SetEvent(S->hEvent2);
/********************************************/
// Main thread module processing should go here
/********************************************/
// Do the processing. Below is just as an example of burning cycles
for (i = 0; i < 20; i++)
{
for(sample = 0; sample < numSamples; sample++)
{
outPtr[sample] = inPtr[sample] * S->gain;
}
}
// At the end, wait for other spanned threads to complete, depending on the thread timining.
// Note: If spanned threads are not executed concurrently, waiting here can cause deadlock.
while(!S->isProcessingDoneThread1)
{
;
}
while(!S->isProcessingDoneThread2)
{
;
}
// Clear the flags
S->isProcessingDoneThread1 = 0;
S->isProcessingDoneThread2 = 0;
}
Please note that it is module developer responsibility to handle synchronization between main module process and custom threads processing. i.e. sharing data between threads, block main process for custom threads or if the custom thread processing needs more blocks etc.

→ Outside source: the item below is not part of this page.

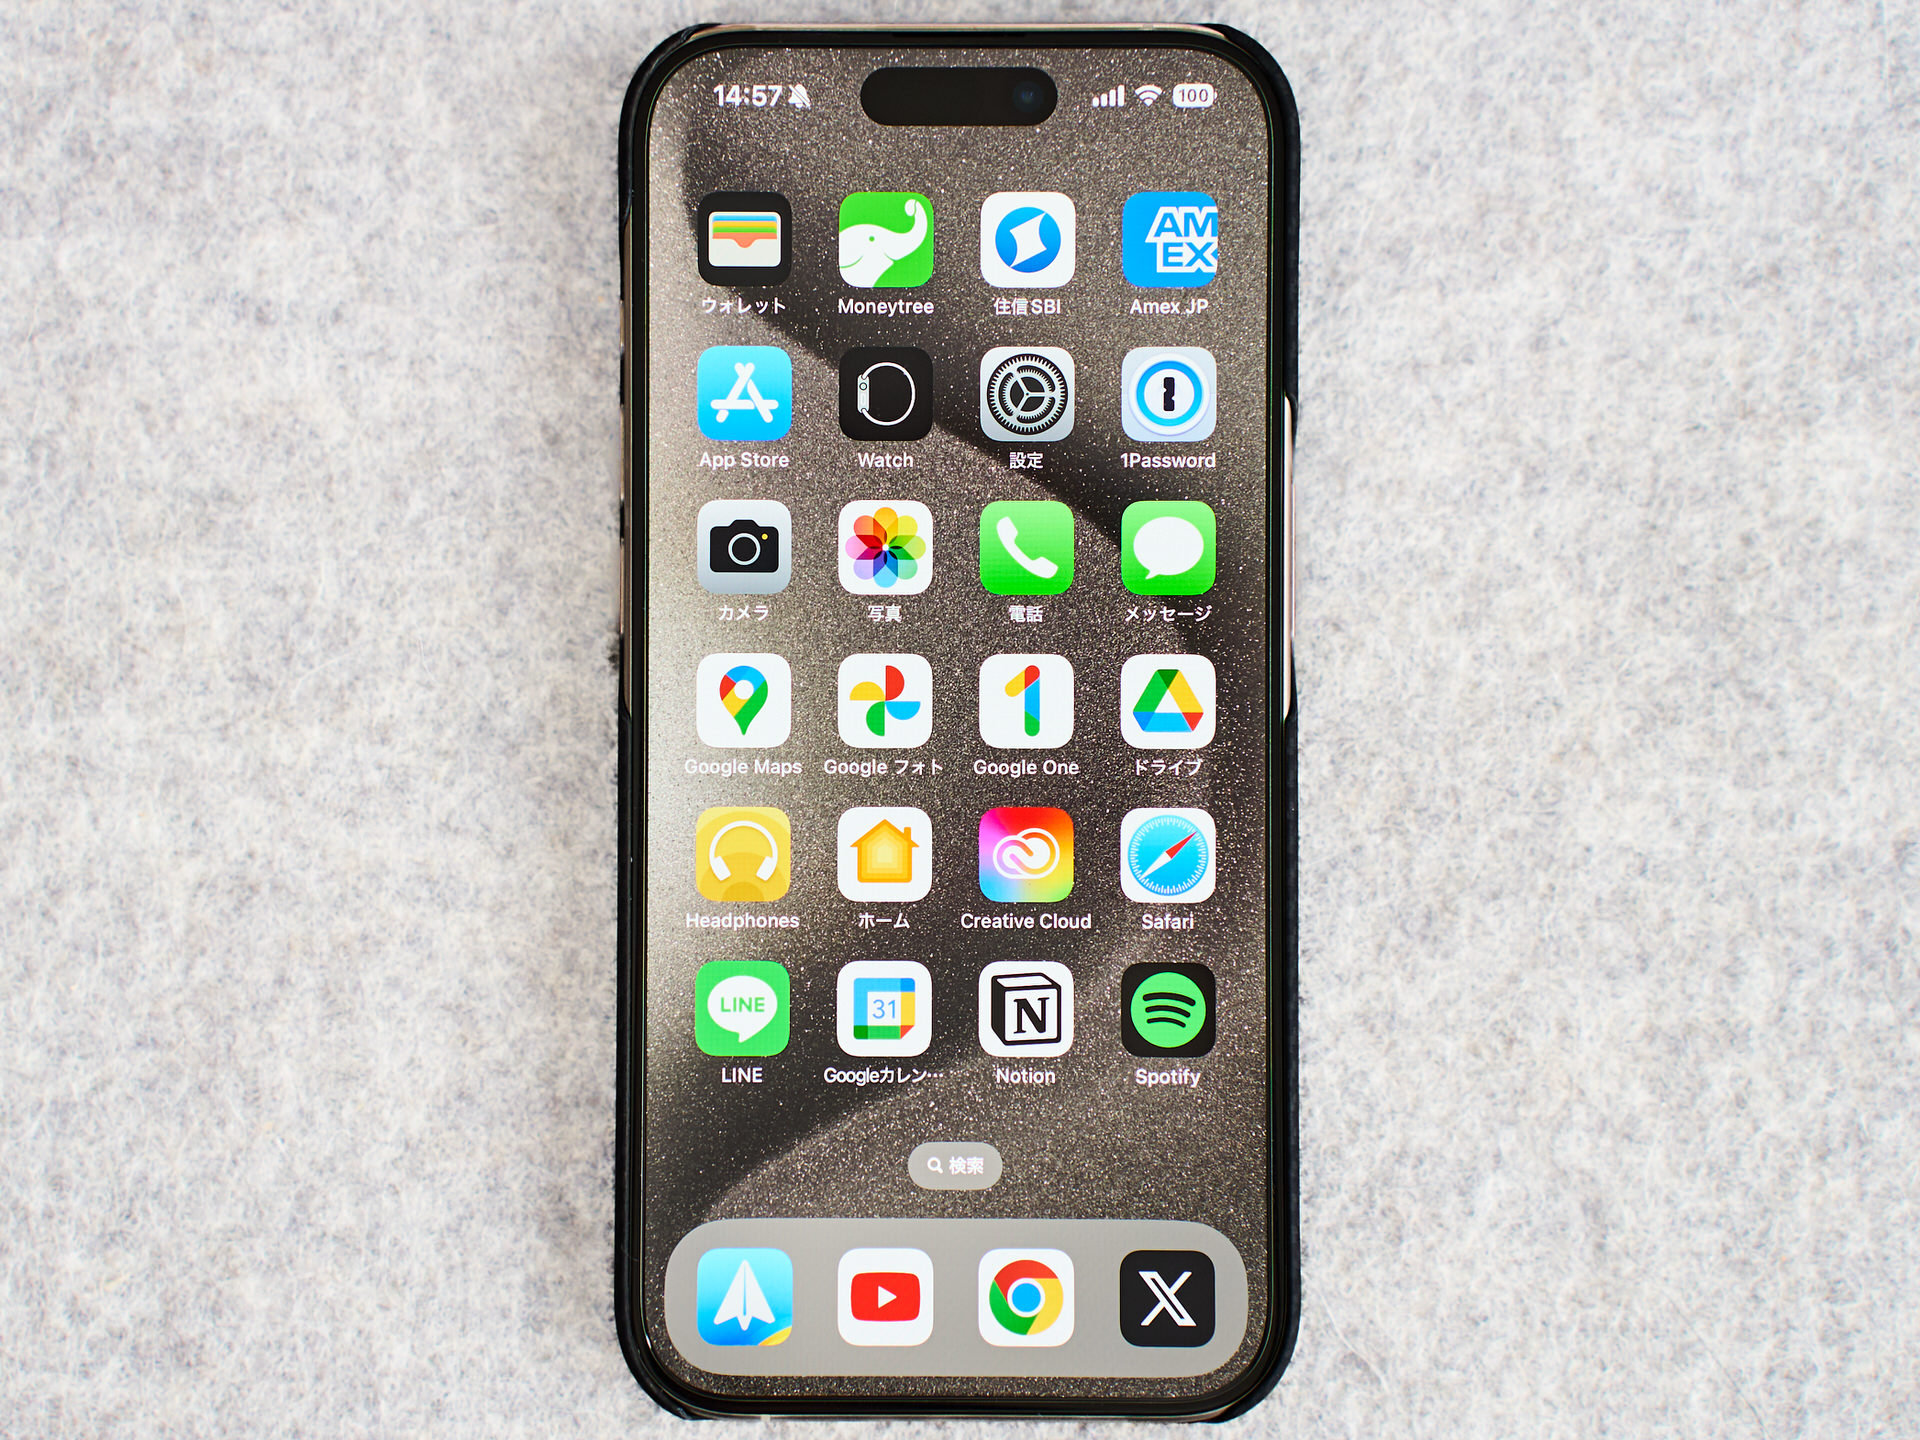 iPhone 15 Pro Pitakaケース装着 ディスプレイ

If the custom thread processing is taking more than expected blocks, then call aweProfileThreadSetOverflow() with corresponding ProfileThread module pointer to keep track of overflow count.
If the module required to set custom threads priorities, user could query the priority of the thread in which main module is running in the following way. First get the layout number in which the module belongs with the API awe_getModuleLayoutNumber. Below is the signature of the function.

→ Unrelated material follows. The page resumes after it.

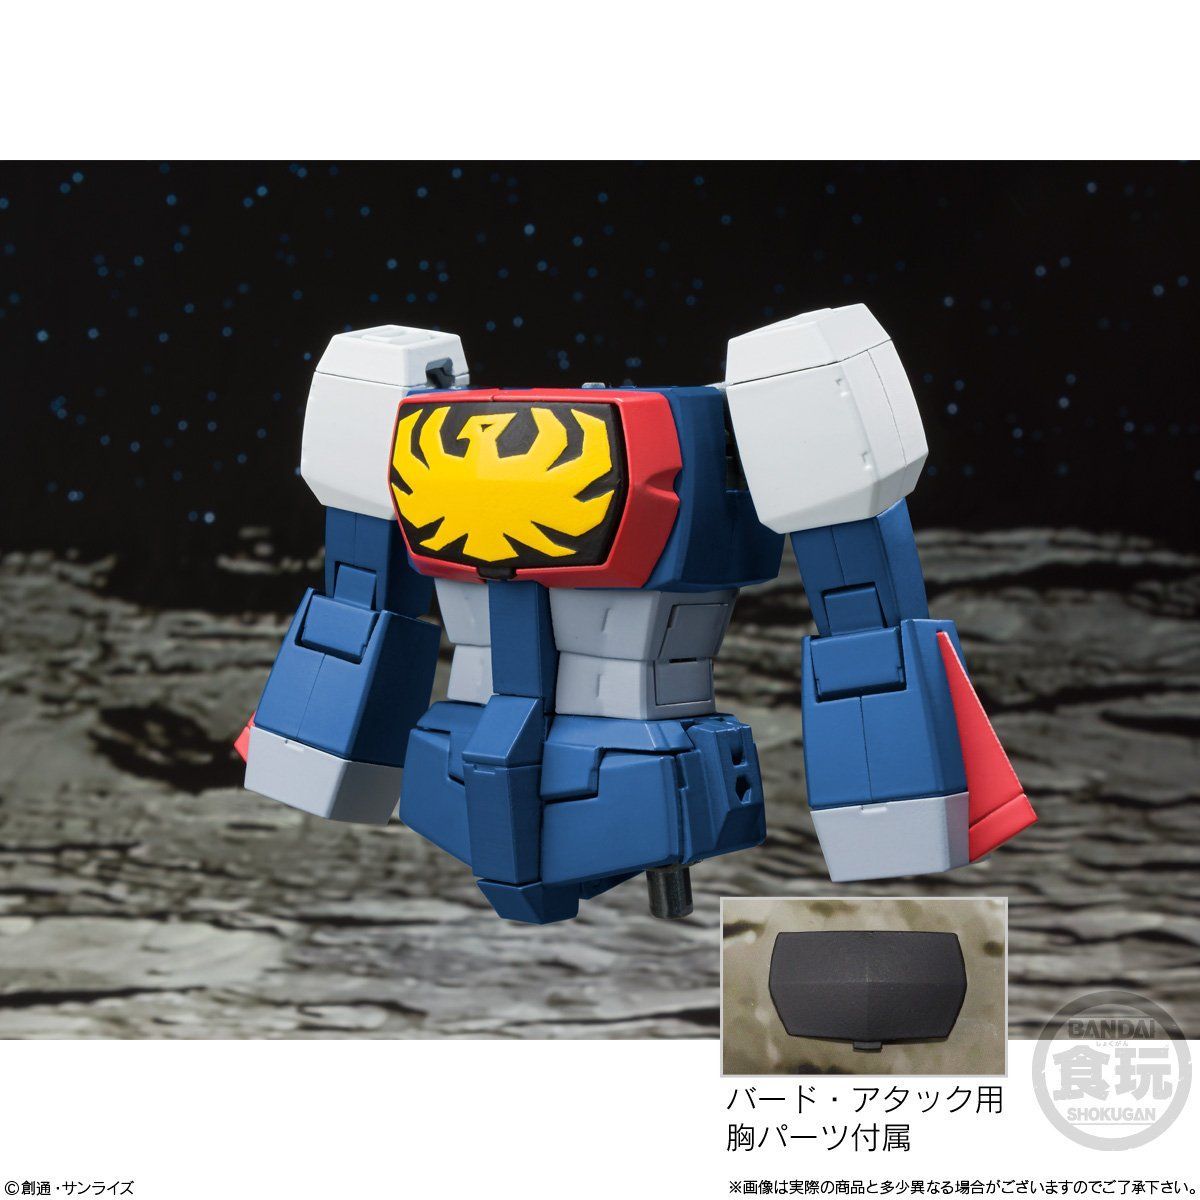 【食玩】スーパーミニプラ『無敵ロボ トライダーG7』3個入りBOX-009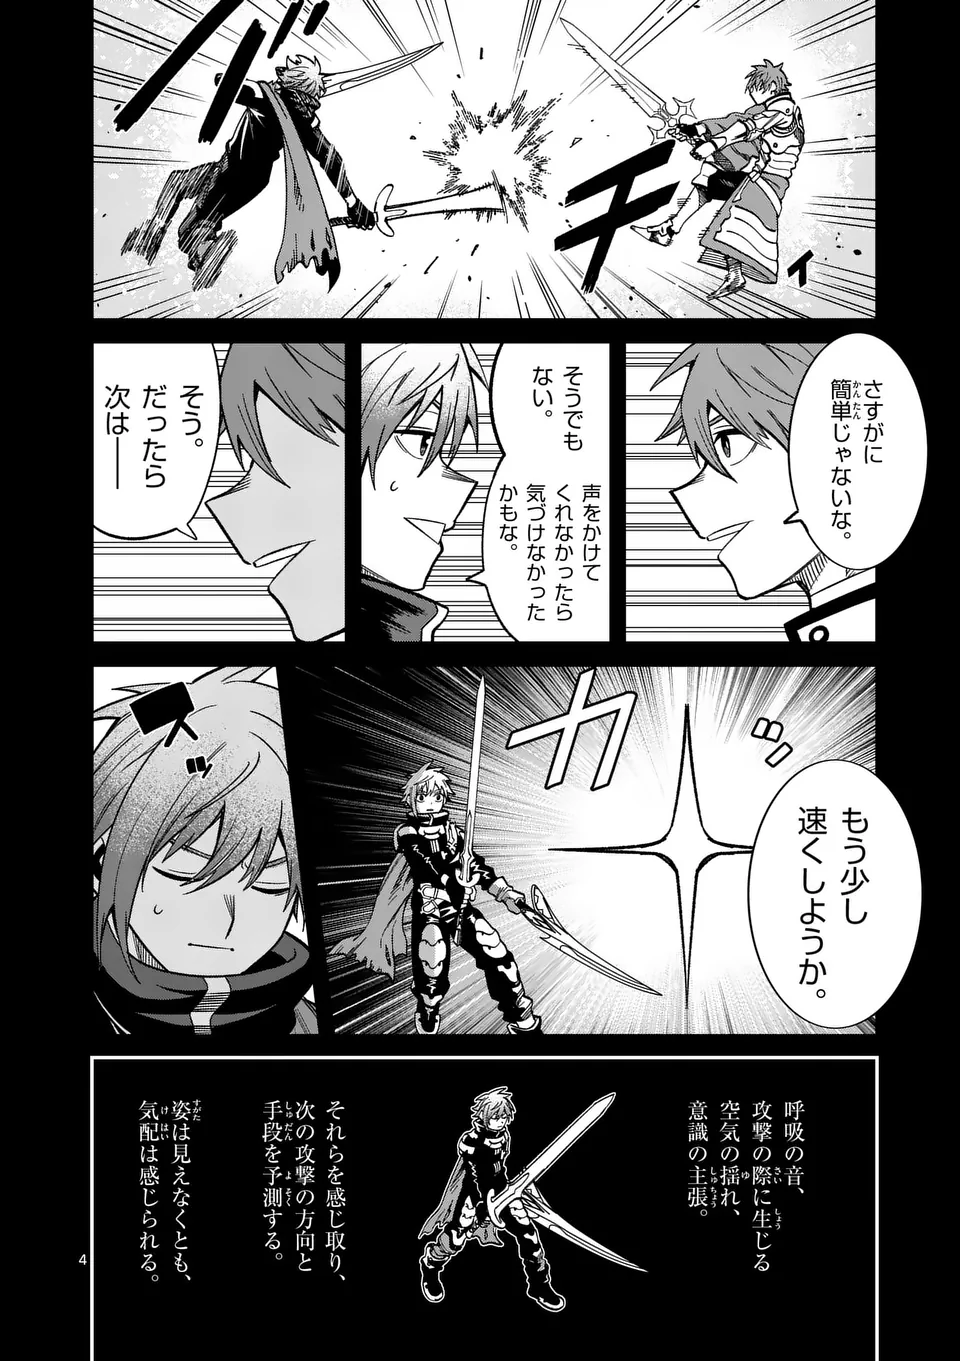 Power-Hara Genkai Yuusha, Maougun kara Koutaiguu de Scout sareru - Chapter 14 - Page 4

INT32 awe_getModuleLayoutNumber(AWEInstance* pAWE, void* pMod, INT32 *layoutNum)
This should be called from the module’s process function only once at start time. With the layout number returned by this function, make a call into the BSP function (must be provided by the BSP integrator) to get the layout thread priority.

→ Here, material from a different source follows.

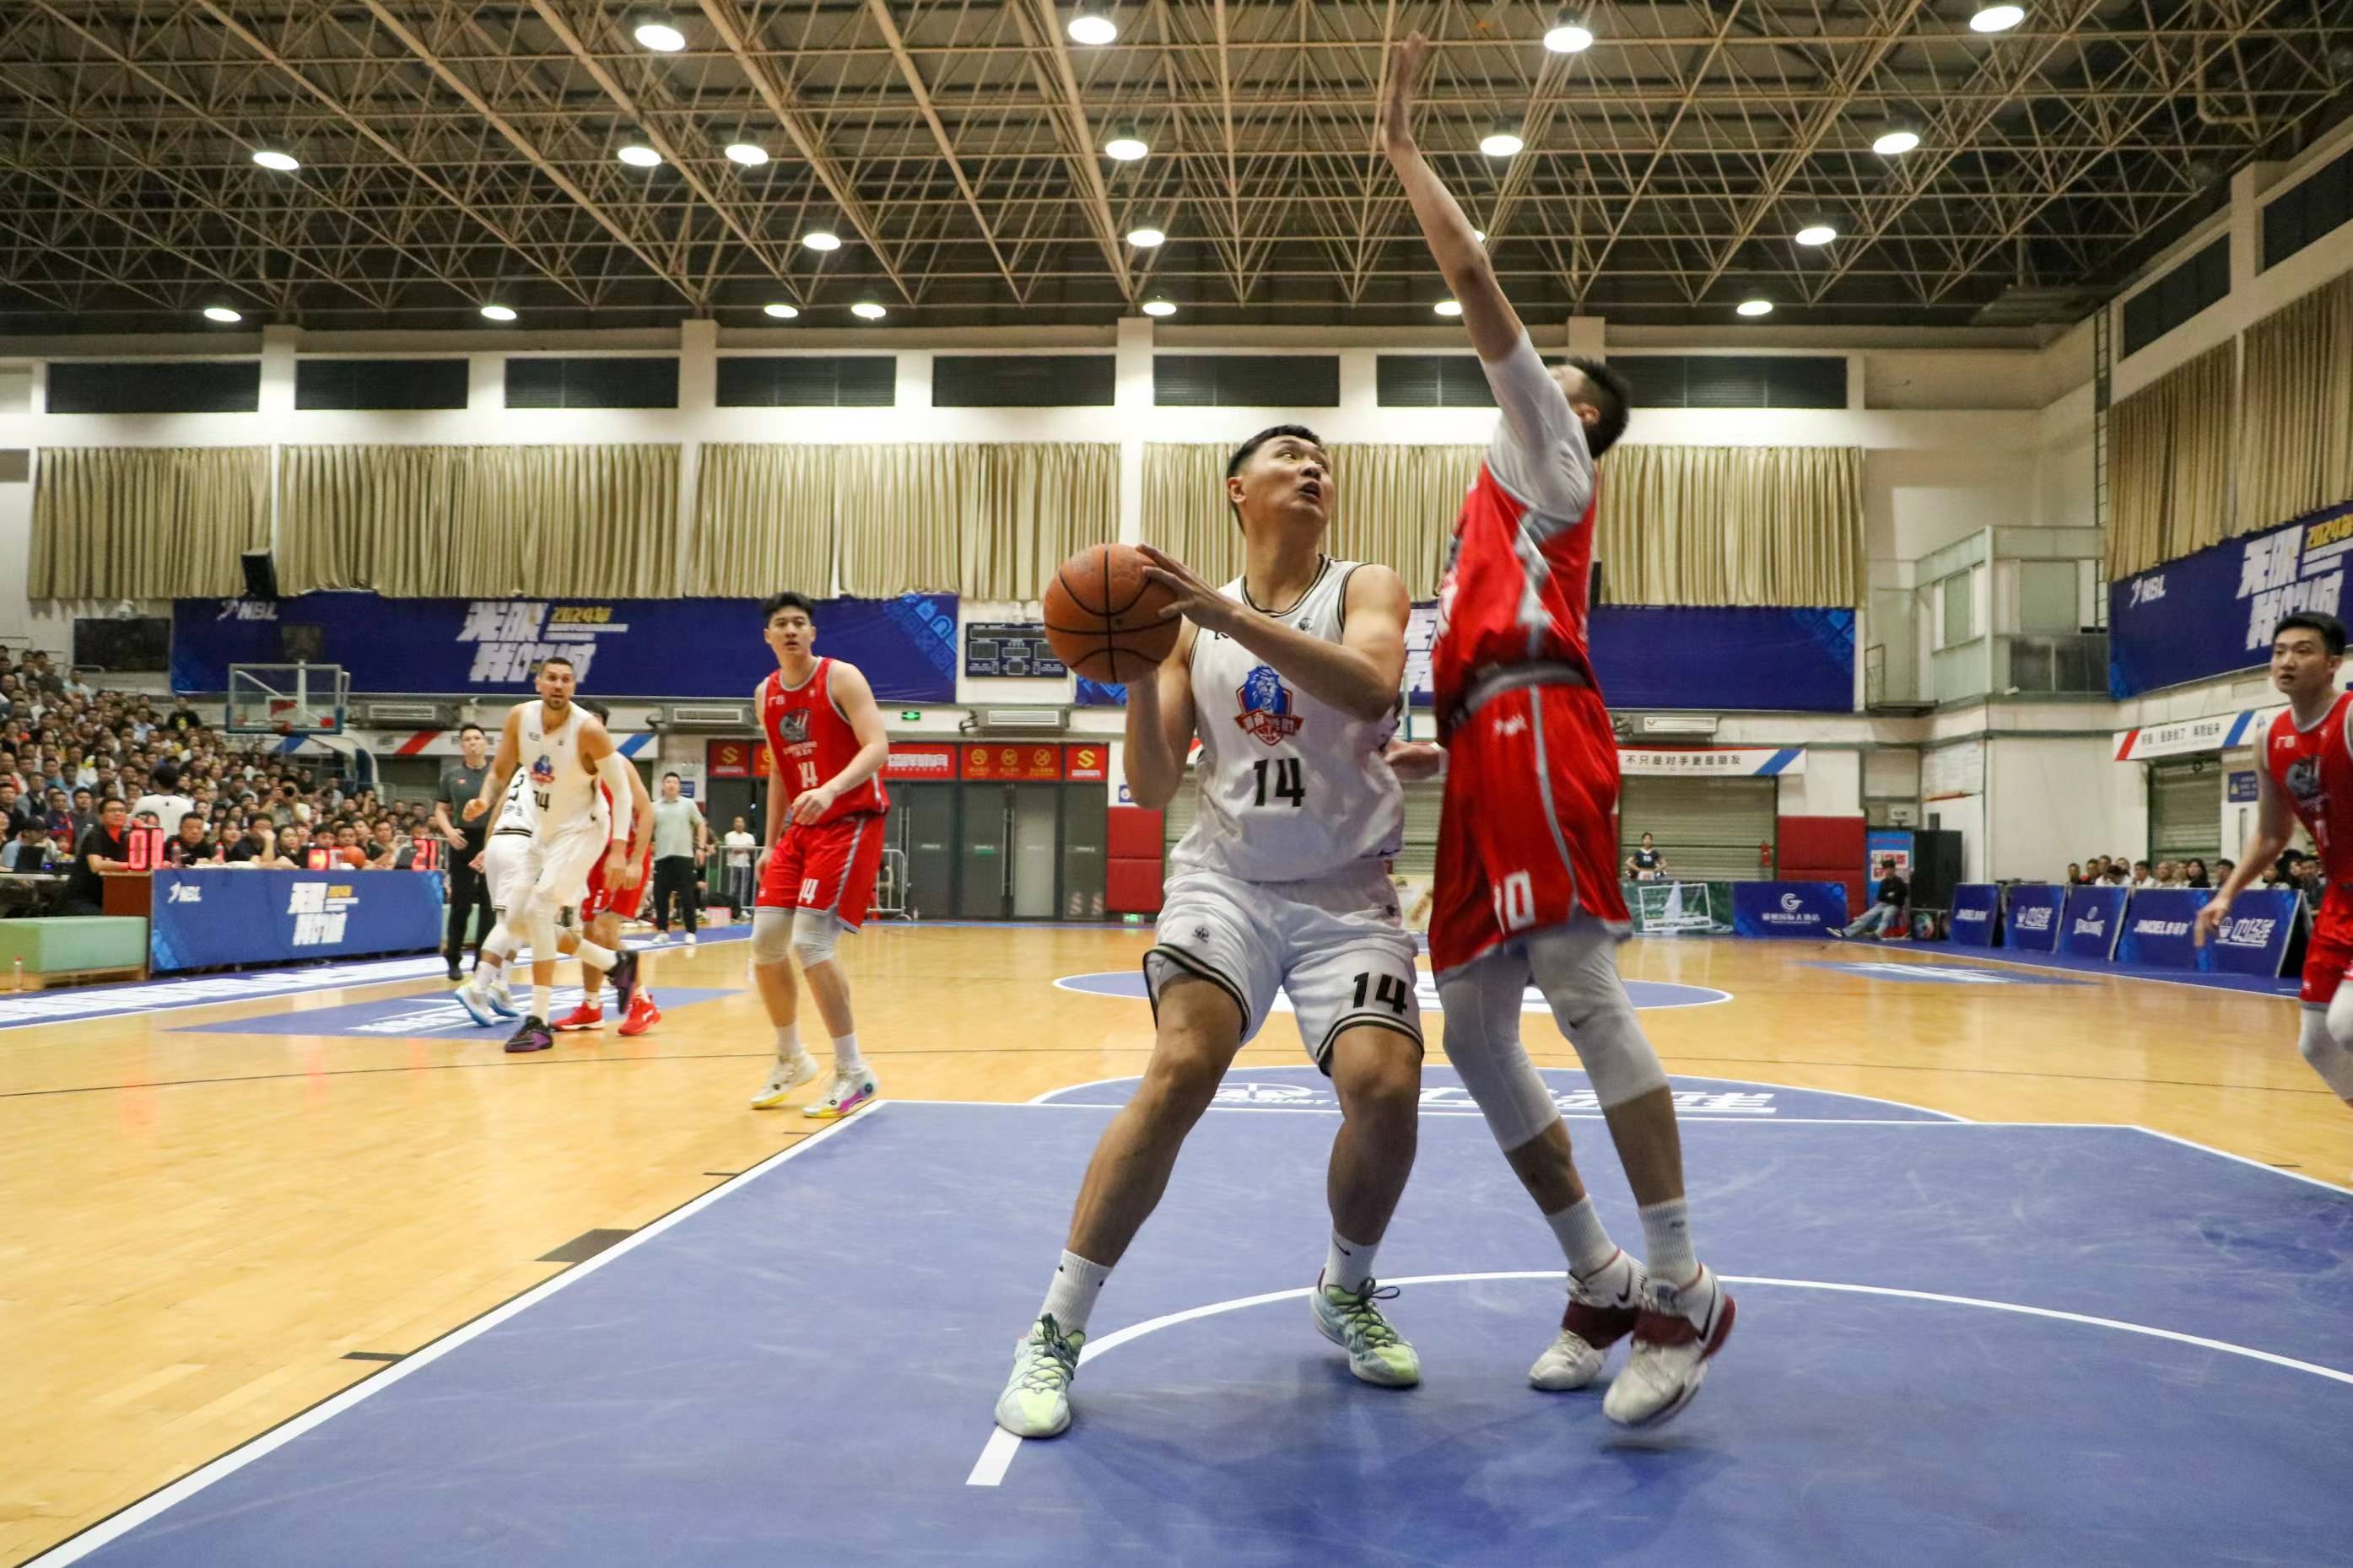 主办方供图nbl是由中国篮球协会主办的四大全国性职业篮球联赛之一

// Check if the start time activity flag is true (default to true in the module)
if (S->startTimeActivity)
{
INT32 layoutNum;
INT32 priority;
AWEInstance *pAWE = AWE_MOD_GET_AWE_INSTANCE(S);
awe_getModuleLayoutNumber(pAWE, S, &layoutNum);
if (pAWE->cbGetLayoutThreadPriority)
{
priority = pAWE->cbGetLayoutThreadPriority(pAWE, layoutNum);
// Set custom thread priority as per the requirement here
}
// Clear start up activity flag
S->startTimeActivity = 0;
}
Users can further improve profiling results by setting the CPU affinity for the spawned system threads using the API awe_fwSetLayoutCoreAffinity. Setting the core affinity for the ProfileThread layout if it can run concurrently with the custom module thread will improve the profiling accuracy.
Profiling Results
When profiling layouts that have ProfileThread modules included, the profiling results will include a row for each unique layout associated with the ProfileThread modules, as well as a row for the module itself. For example, below is an example subsystem module MultiThreadSysExample that includes 2 ProfileThread modules (1Q and 1R) running in system threads.

The Clk Divider column shows results for a Layout and ProfileThread Class for each of the 1Q and 1R clock dividers.